Ah-Yuen said running a school was a long-term project, like administering Chinese medicine to someone with an acute disease. If the medicine was too slow-acting then the lion might die first. A quick surgical operation, such as Western doctors performed, was what was needed in order to save the lion, according to Ah-Yuen. Military might was the only way to expel Westerners and Japanese and put China back on its feet. Ah-Yuen excelled in his studies and always came first in every subject. But when he engaged in heated discussions he was full of bravura, a quality which Kam Sau found both attractive and alarming at the same time.

Ah-Yuen’s father had lived with the Fongs for many years, so many that he had carried Kam Shan and Kam Ho around on his back as babies. He used to call the boys the “young masters” until Six Fingers had finally persuaded him to address them by their given names. When the Fongs’ first steward, Ha Kau, died, Mak Dau took over responsibility for the house and farm. He was, however, still a servant; he and his family ate with the other servants, and they washed their laundry in a different pool from the Fongs.

Ah-Yuen, born the son of a servant, should have remained a servant too, according to the old way of doing things. But Six Fingers had, with a slight nudge, set his life on a different course: she had sent him, as well as her daughter, to the best school for miles around. Six Fingers’ decision opened the boy’s eyes to the big, wide world beyond the narrow confines of their home village. Ah-Yuen was actually more mentally agile and shrewder than Kam Sau. Where she scurried along, he raced ahead, showing Kam Sau the way.

Ah-Yuen was always attentive to Kam Sau but never humble in the way that his father was. Kam Sau knew that her mother wanted Ah-Yuen as a live-in son-in-law and was smoothing the way forward for him, enabling him to walk tall, so that by the time he went in through the door of her bridal chamber he would be a respectable young gentleman. To move into the bride’s house may have lowered him in the eyes of society but not in the eyes of his future mother-in-law. Six Fingers was infinitely clever. What she wanted, she made sure she got.
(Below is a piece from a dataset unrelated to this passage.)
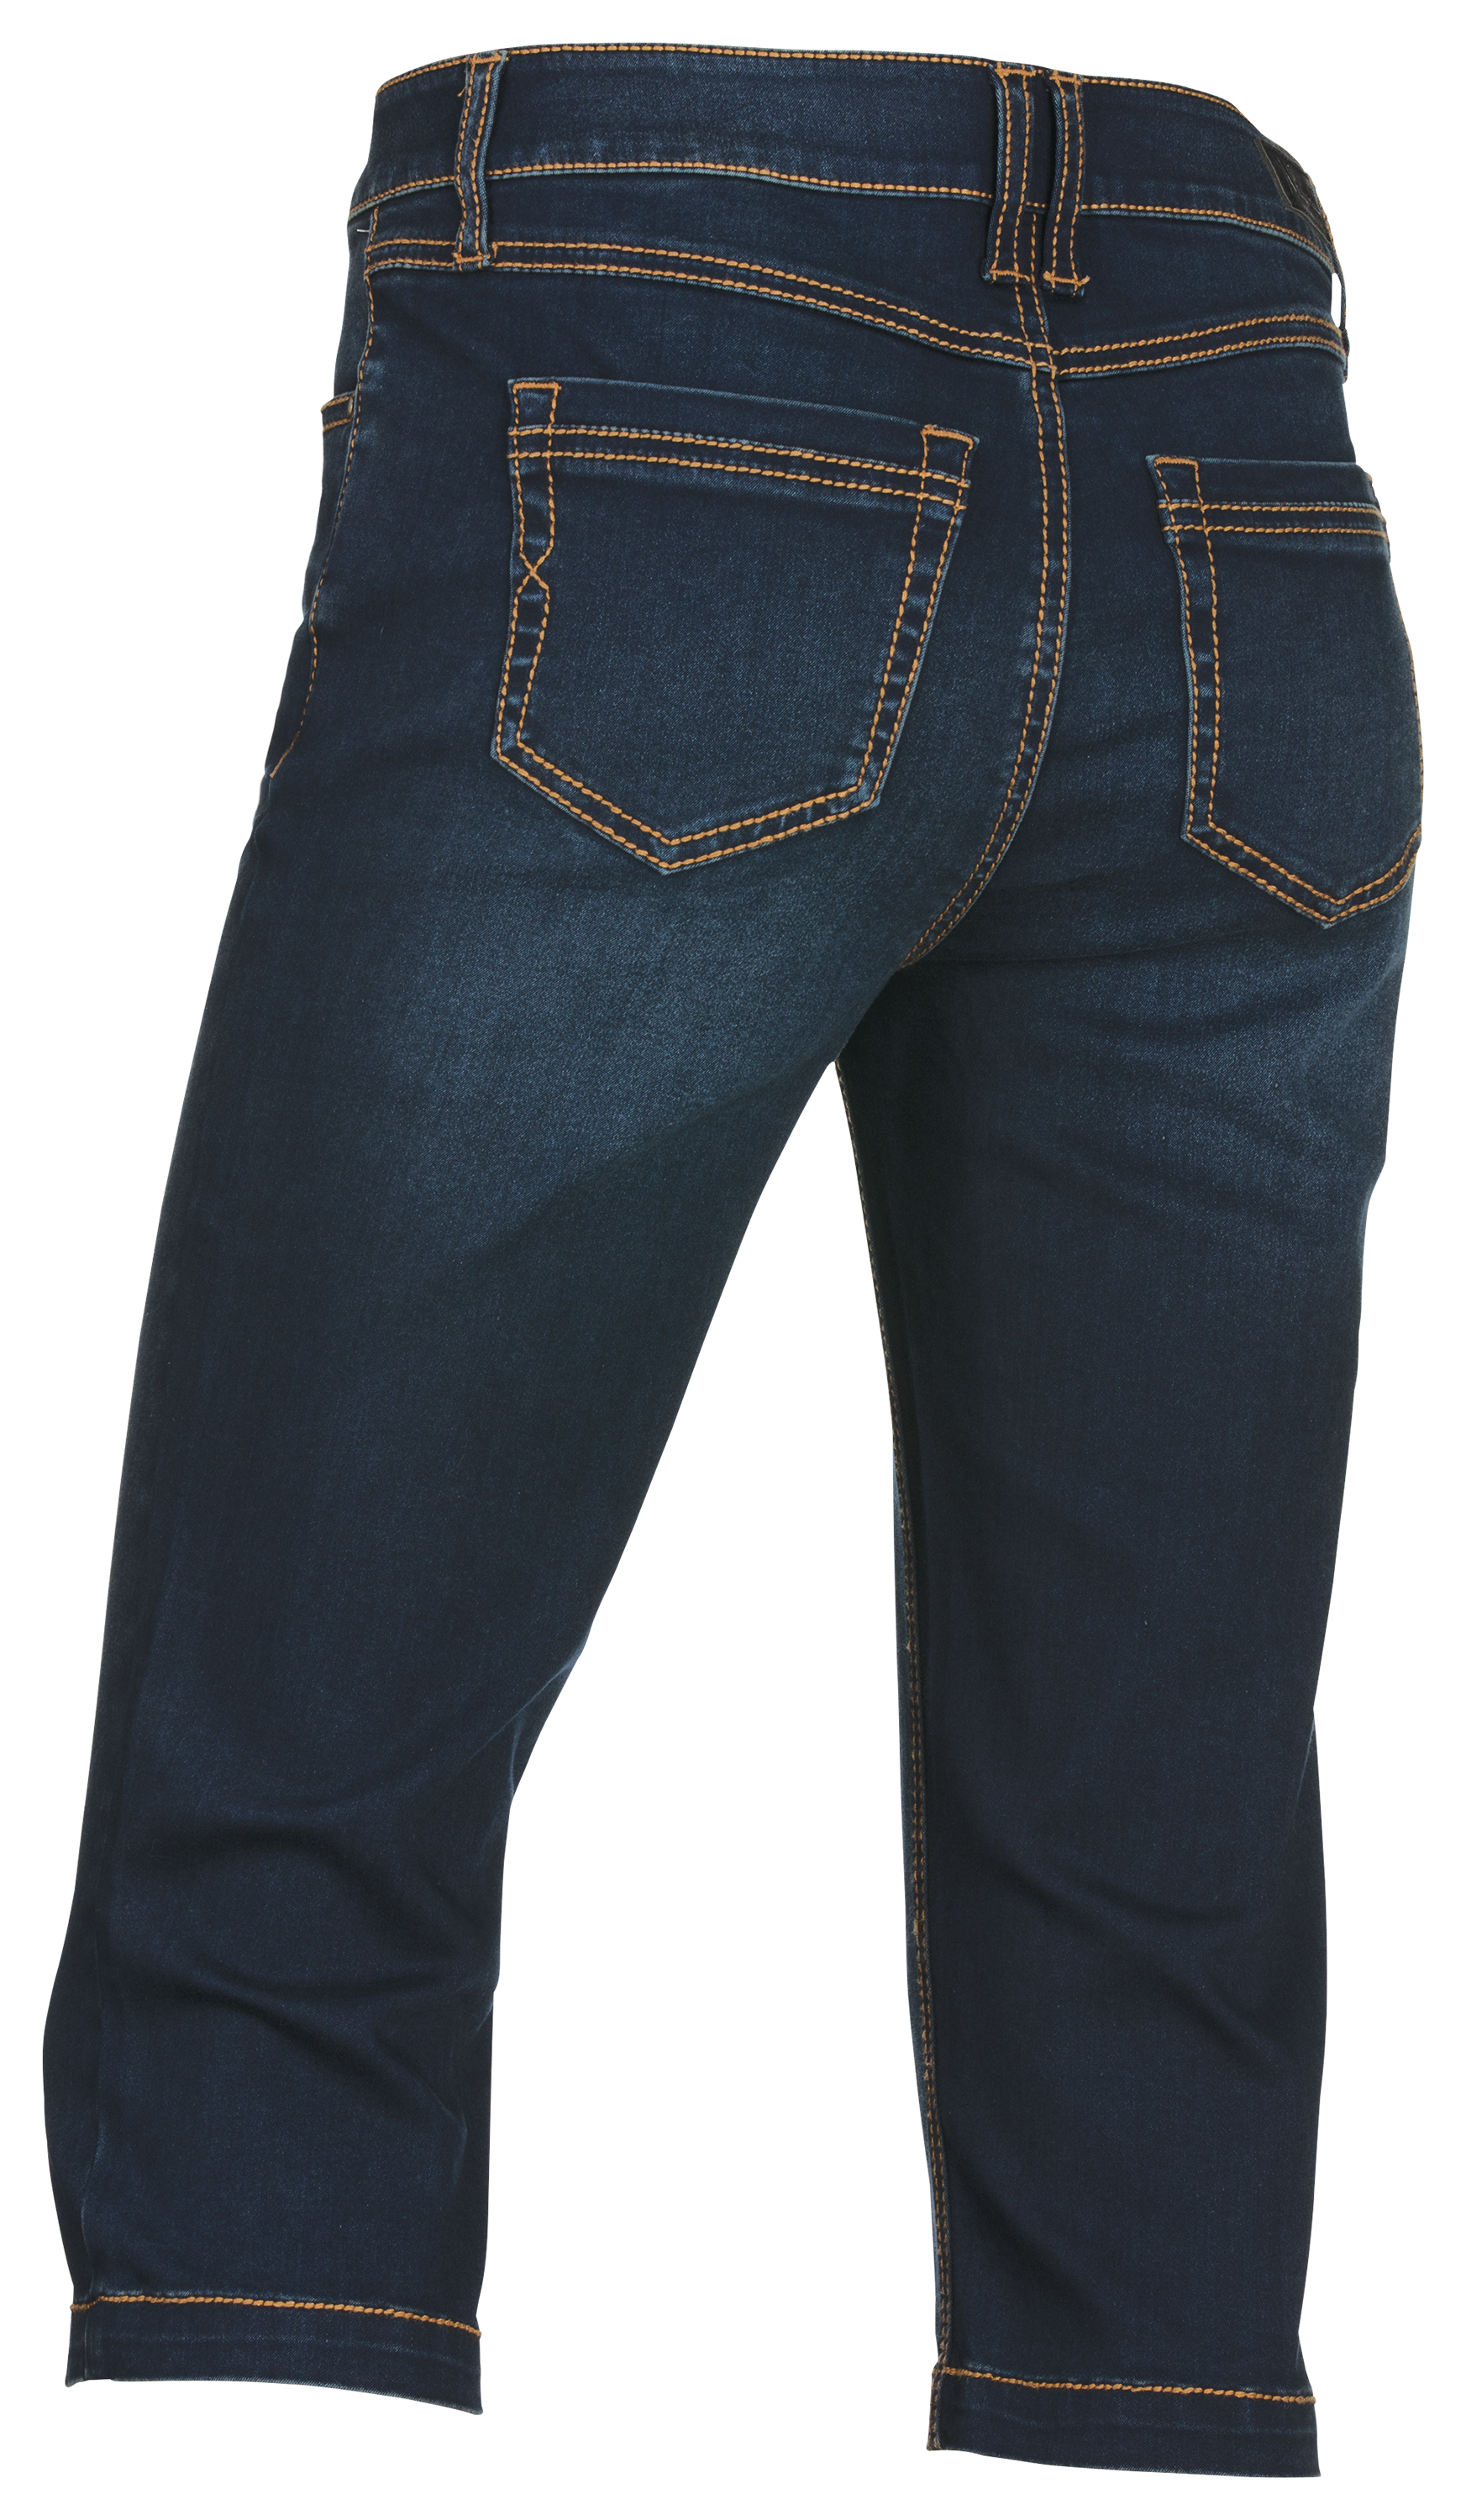 NWT Women's Capri Jeans reflex Denim Size 1

By the time Kam Sau got downstairs, her mother had lit the stove and was gently reheating the pigs’ trotters of the night before. As the jelly softened and melted, the most delicious smell wafted through the house. While Six Fingers waited for the dish to be ready, she felt in her pocket for a bamboo comb to do her daughter’s hair. She undid the braids and Kam Sau’s gleaming thick hair tumbled over her knees. The sharp teeth of the comb cut through the hair as easily as butter, and the steady strokes gave Kam Sau a feeling of languorous pleasure.

She rested against her mother and asked idly: “Are you giving my sister-in-law a bowl of the trotters?” She meant her brother Kam Ho’s wife. “Huh, she can come down on her own two feet, can’t she? A hungry rat will find its own food.